Items in Pro Farmer’s First Thing Today include:
• Light and choppy grain trade overnight
• Weather improving for soybean planting in Brazil
• Crop Progress Report highlights
ISRAEL/HAMAS CONFLICT |
— Blinken pushes for hostage talks, faces hurdles in Gaza negotiations. Secretary of State Antony Blinken is in Israel and the Middle East to advance efforts for releasing Israeli hostages and ending the Gaza conflict. However, the recent killing of Hamas leader Yahya Sinwar has left uncertainty over the group’s leadership, complicating the potential for progress in negotiations. Hamas remains firm in its stance on hostage and ceasefire terms, dampening hopes of a breakthrough. Blinken is set to meet with Israeli Prime Minister Benjamin Netanyahu, but U.S. officials anticipate more progress on addressing Gaza’s humanitarian crisis than on resolving hostage issues.
RUSSIA/UKRAINE |
— Russia’s 2025 wheat production could fall for third straight year. Russia’s 2025 wheat production could decline for a third straight year, according to the first projections released by leading Black Sea consultancies IKAR and SovEcon. IKAR forecasts production in a range of 80 MMT to 85 MMT. SovEcon put its first crop projection at 80.1 MMT, which would be the smallest since 2021-22. The official estimate for this year’s wheat harvest stands at 83 MMT. Unfavorable weather, including heavy rain in some regions and drought in others, has complicated winter grain sowing across Russia, but IKAR said there “is still time for vegetation to emerge through November.” SovEcon said, “The poor condition of winter wheat raises concerns about an increased risk of winter kill and crop failure.”
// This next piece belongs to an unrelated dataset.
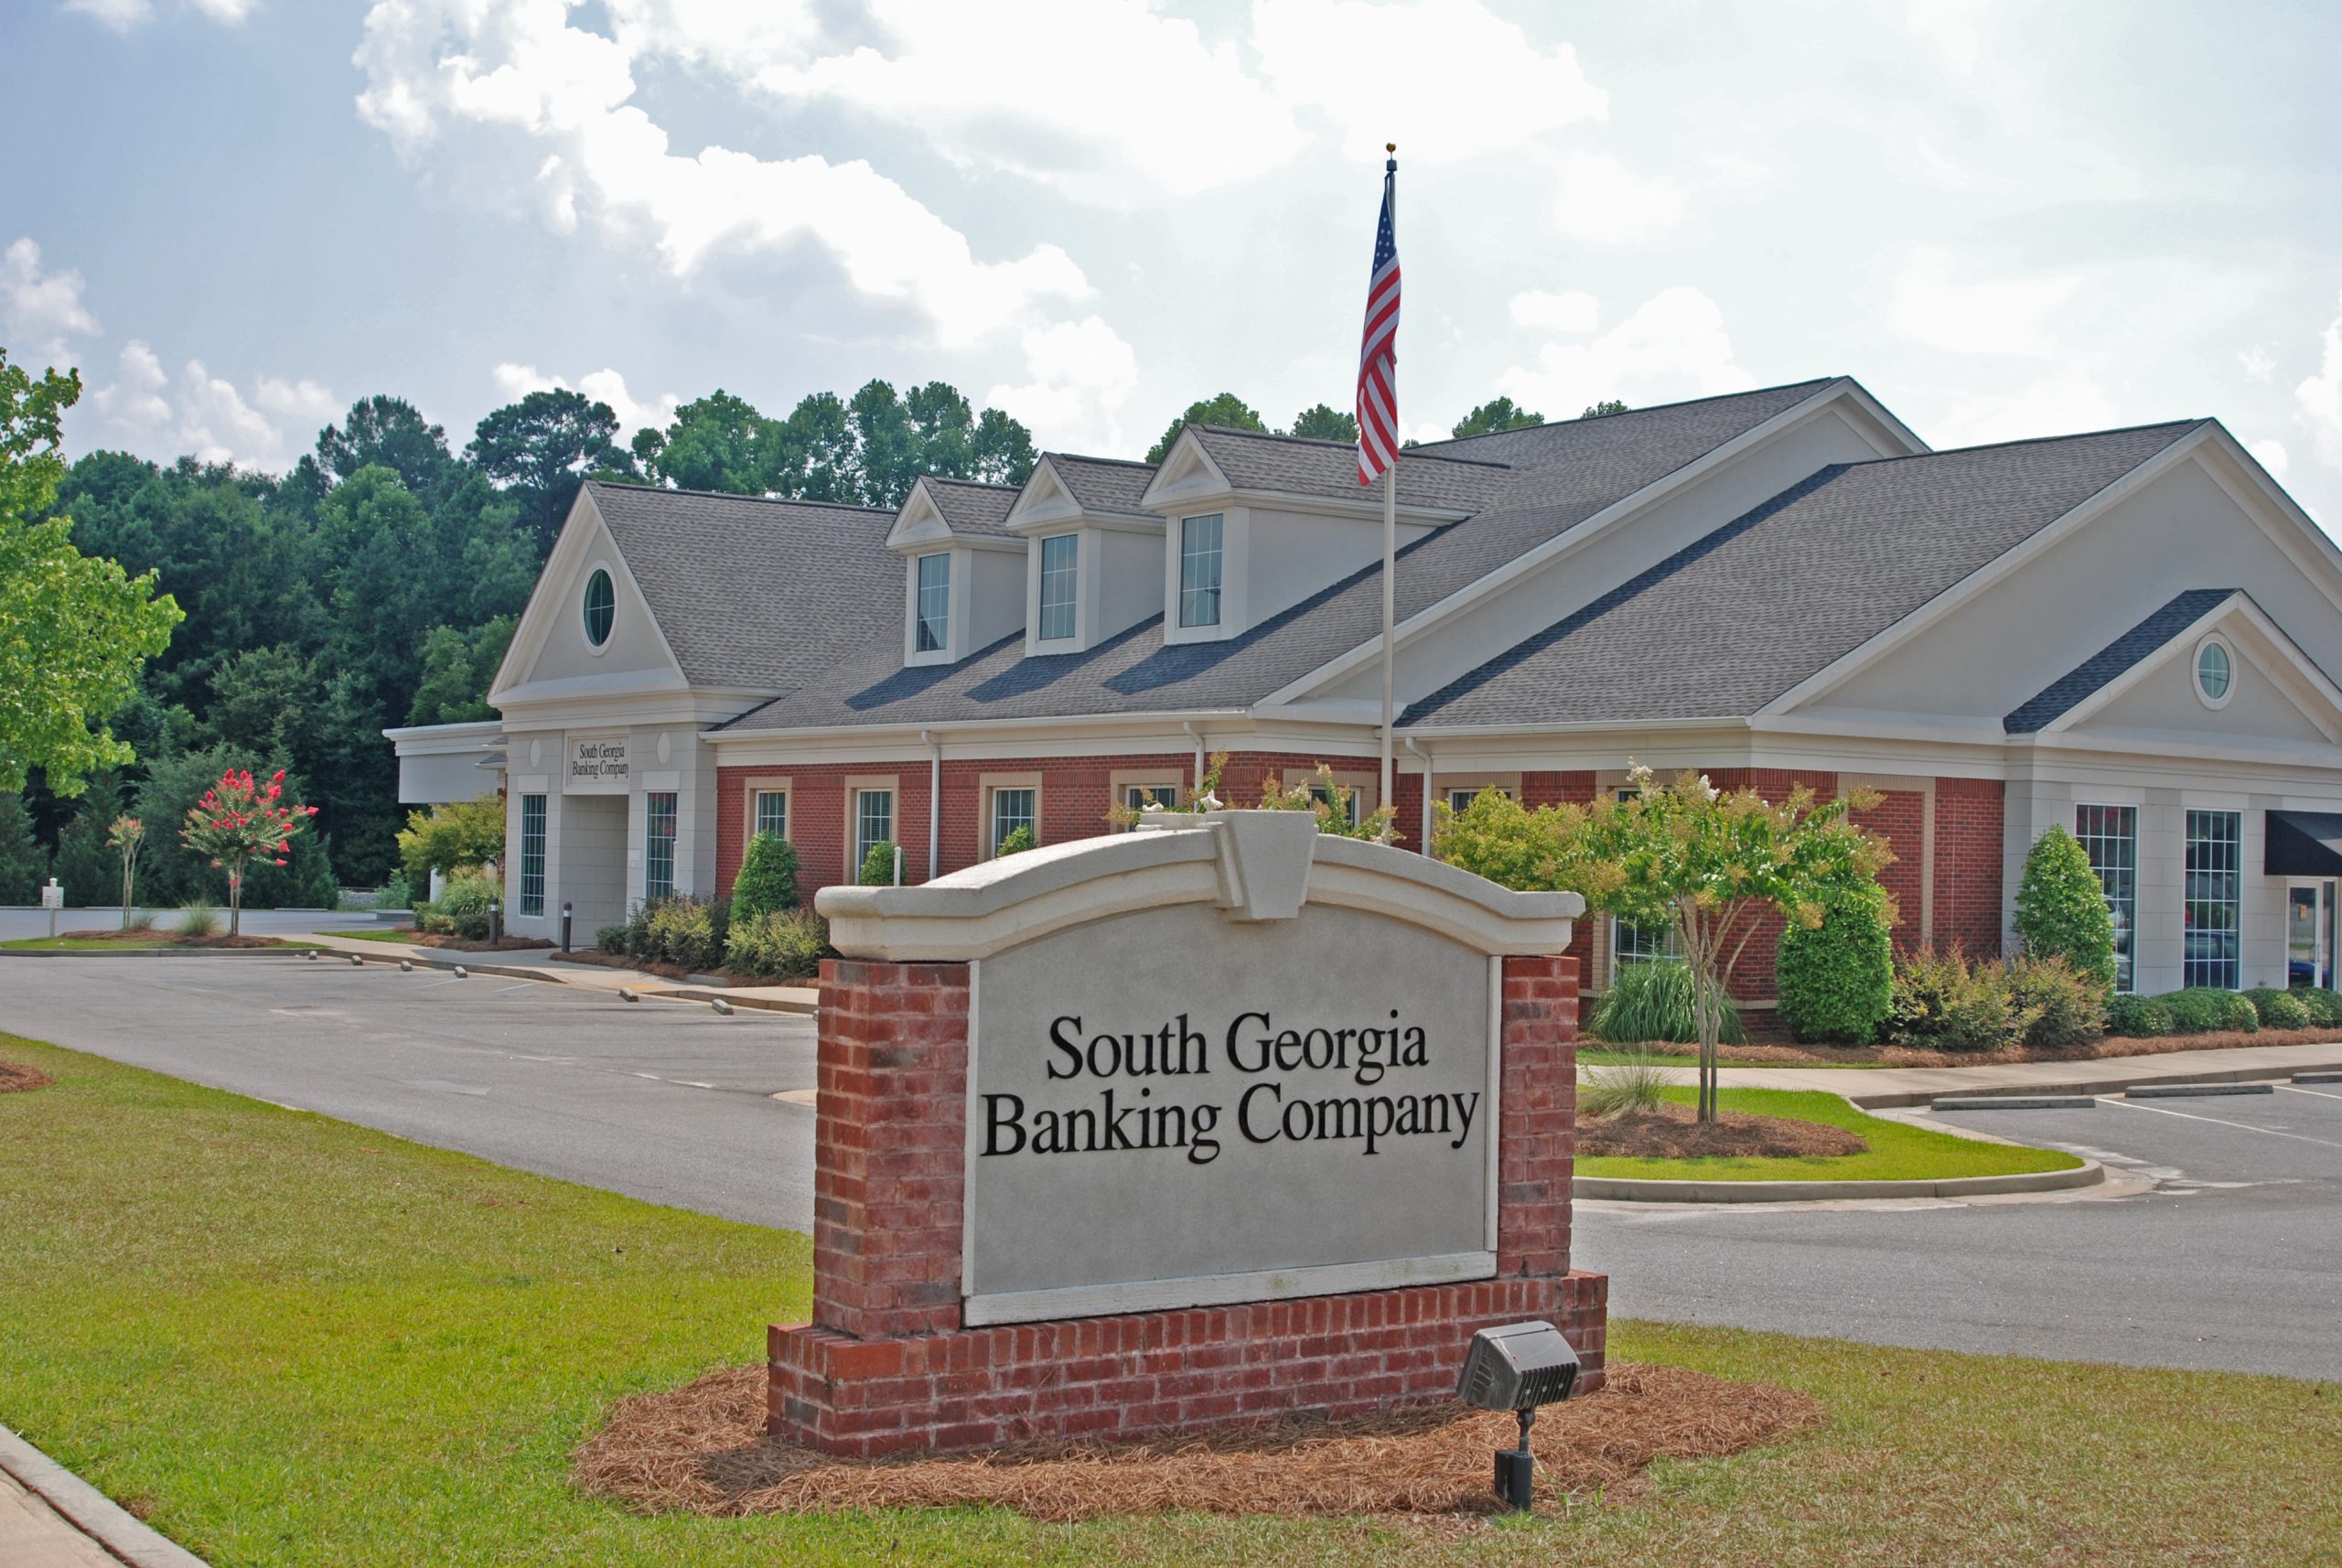 South Georgia Banking Company

— Ukraine’s winter grains 83.5% seeded. Ukrainian farmers had sown 4.33 million hectares of winter grains for the 2025 harvest as of Oct. 21, or 83.5% of the expected area of 5.19 million hectares, the agriculture ministry said. Plantings included 3.85 million hectares of winter wheat, or 85.9% of the projected 4.5 million hectares. Farmers also seeded 421,300 hectares of winter barley and 62,500 hectares of rye.
POLICY UPDATE |
— USDA will begin distributing approximately $2.14 billion in payments to eligible agricultural producers and landowners through key conservation and safety-net programs. The $2.14 billion in payments is divided as follows:
• Conservation Reserve Program (CRP) and CRP Transition Incentive Program (CRP TIP): More than $1.7 billion.
• Agriculture Risk Coverage and Price Loss Coverage (ARC/PLC) programs: Over $447 million (the ARC and PLC payments are related to 2023 crops).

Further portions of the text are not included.